На рассвете, когда наверху уже ворочаются дети, а для нас все же наступает время любви, я чувствую в Ричарде непривычный напор, словно мой муж решил опять застолбить участок: доказать свои законные права. Впрочем, я не возражаю. Я даже рада требованиям. Все не так страшно, как осваивать чужие земли с их странными обычаями и незнакомыми символами.
Ричард еще не успел отдышаться и лежит на мне пластом, когда дети с визгами влетают в спальню. При виде вернувшейся мамочки глаза Эмили вспыхивают радостью, но радость тут же сменяется отелловским грозным взором. Бен от восторга заливается слезами и плюхается на попку в памперсной подушке. Через минуту оба оказываются на кровати — Эмили верхом у Ричарда на груди, Бен на моей, еще влажной от пыла его папочки.
— Га-ки. — Бен тычет пальчиком мне в глаз.
— Глазки. Вот умница.
— Но-ик.
— Носик, мой золотой, верно. Ты учил слова, пока мамочки не было?
Пальчик спускается ниже. Ричард отводит его руку.
— А это, молодой человек, называется грудь, с которой твоей мамочке, чтоб ты знал, очень повезло.
— Мамуля точно такая, как я, правда? — надувает губы Эмили и тоже седлает меня, сдвинув брата на живот.
— Я! — восторженно вопит Бен.
— Я, я, я! — верещат оба, слабея от смеха, и их мать уже не видна под собственной плотью и кровью.
Если у женщины есть ребенок, она, можно сказать, уже изменила мужу.
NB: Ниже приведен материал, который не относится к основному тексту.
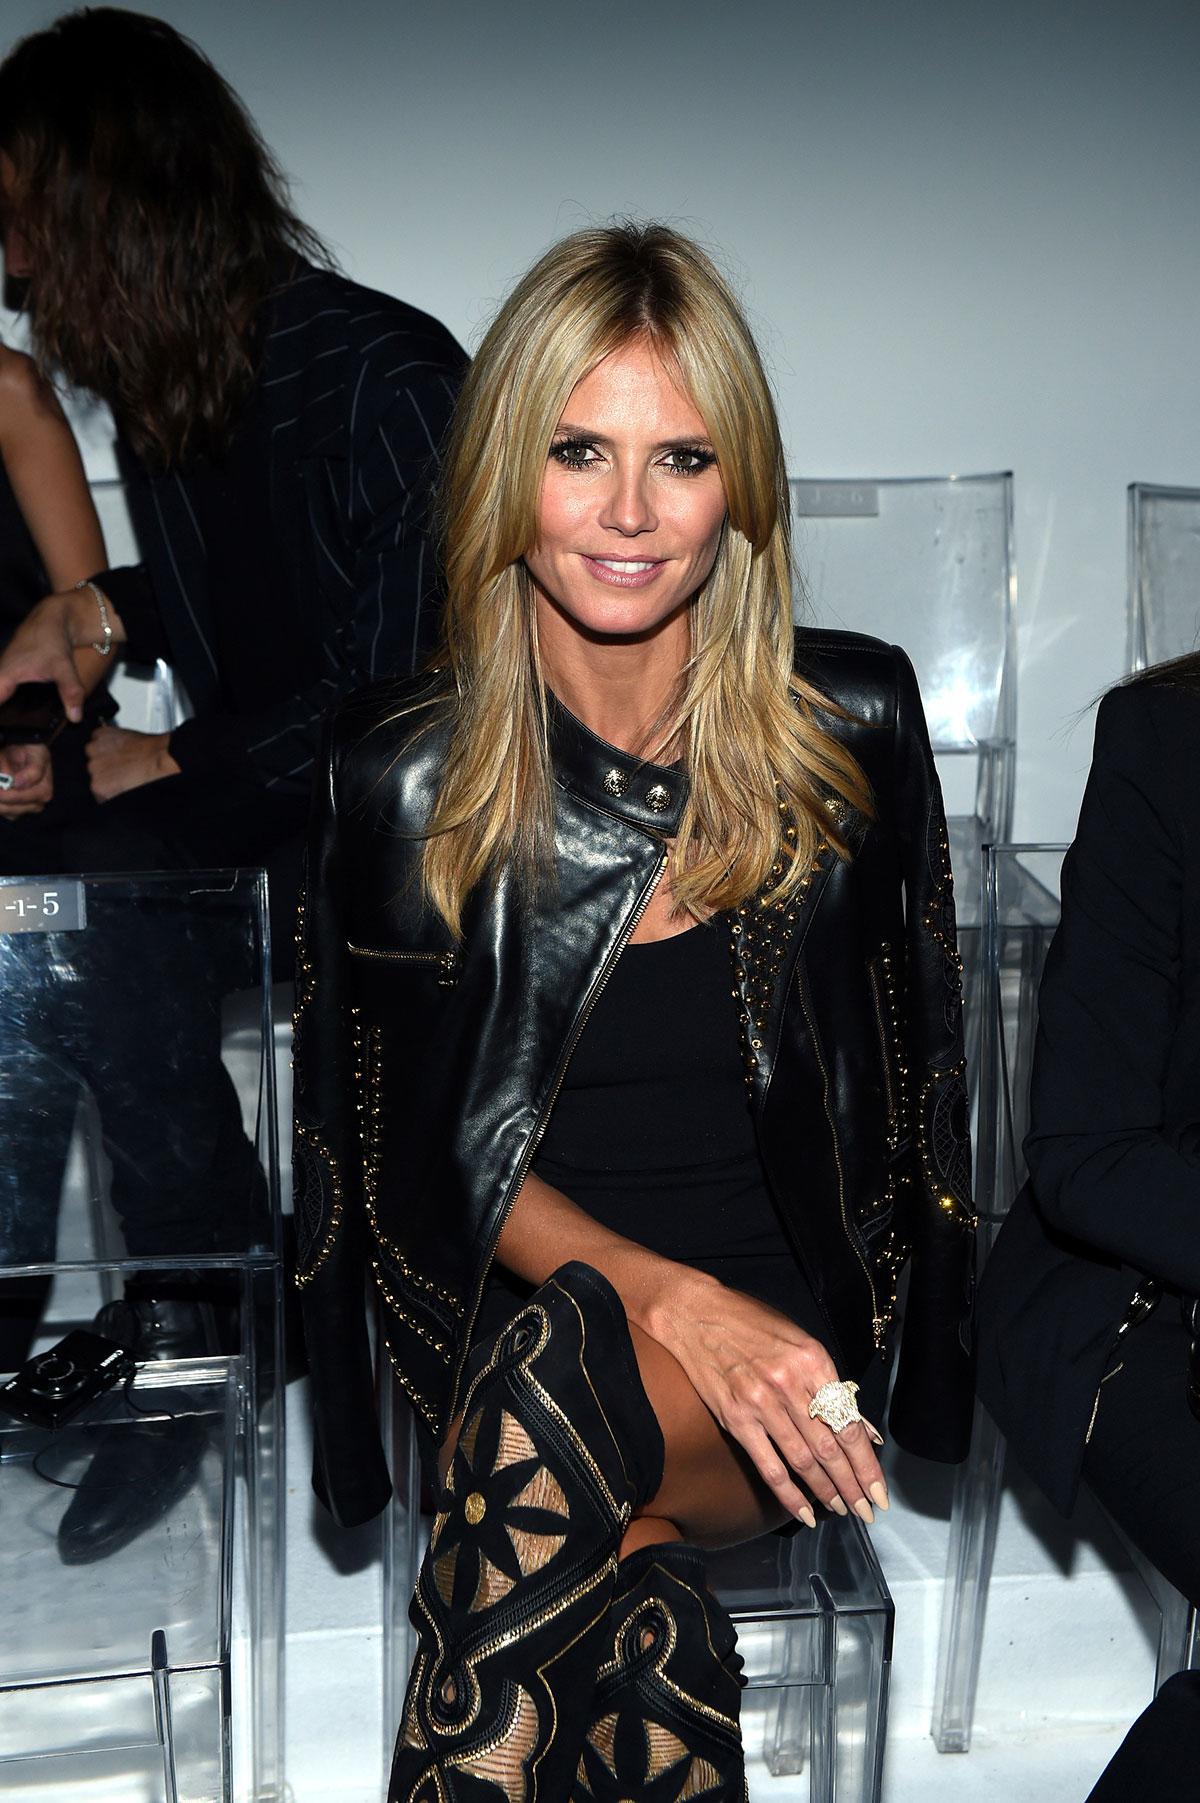 Heidi Klum attends Versace show during Milan Fashion Week

Новая любовь так захватывает, что на долю прежней остается терпеливое ожидание и надежда ухватить крохи, которые не склюет маленький агрессор. Второму ребенку достается еще больше любви. Странно, как первая страсть вообще выживает. Чаще она гибнет в начальные, самые трудные месяцы.
Вернувшись домой из командировки, я клянусь себе, что это в последний раз, но мечта о размеренной жизни и работе, которая не будет отражаться на детях, понятно, так и остается ненаучной фантастикой.
Я нужна Эмили и Бену, они хотят, чтобы я всегда была рядом. Нет, Ричарда они очень любят, просто обожают, только Ричард для них — партнер по играм, собрат по приключениям. Я же совсем другое дело. Если папочка — океан, то мамочка — тихая гавань, прибежище, где они могут набраться сил и мужества для путешествий все дальше и дальше. Но я-то знаю, что пристань из меня так себе. Когда на душе совсем паршиво, я кажусь сама себе кораблем в ночи, а дети — чайками, провожающими корабль жалобными криками.
И тогда я опять беру калькулятор и по новой считаю. Предположим, я бросаю работу. Можно продать дом, избавиться от закладной и ссуды на реконструкцию, которая камнем повисла на шее, когда мы обнаружили катастрофическую усадку здания. («Фундамент менять надо, хозяйка», — посоветовал один из рабочих. А то я не знаю.) Затем переехать в пригород, купить дом с хорошим садиком, лелеять надежду, что Ричарду будут подбрасывать контракты, а мне поискать что-нибудь на неполный рабочий день. Отпуска за границей отставить, об излишествах забыть, жизнь эконом-класса.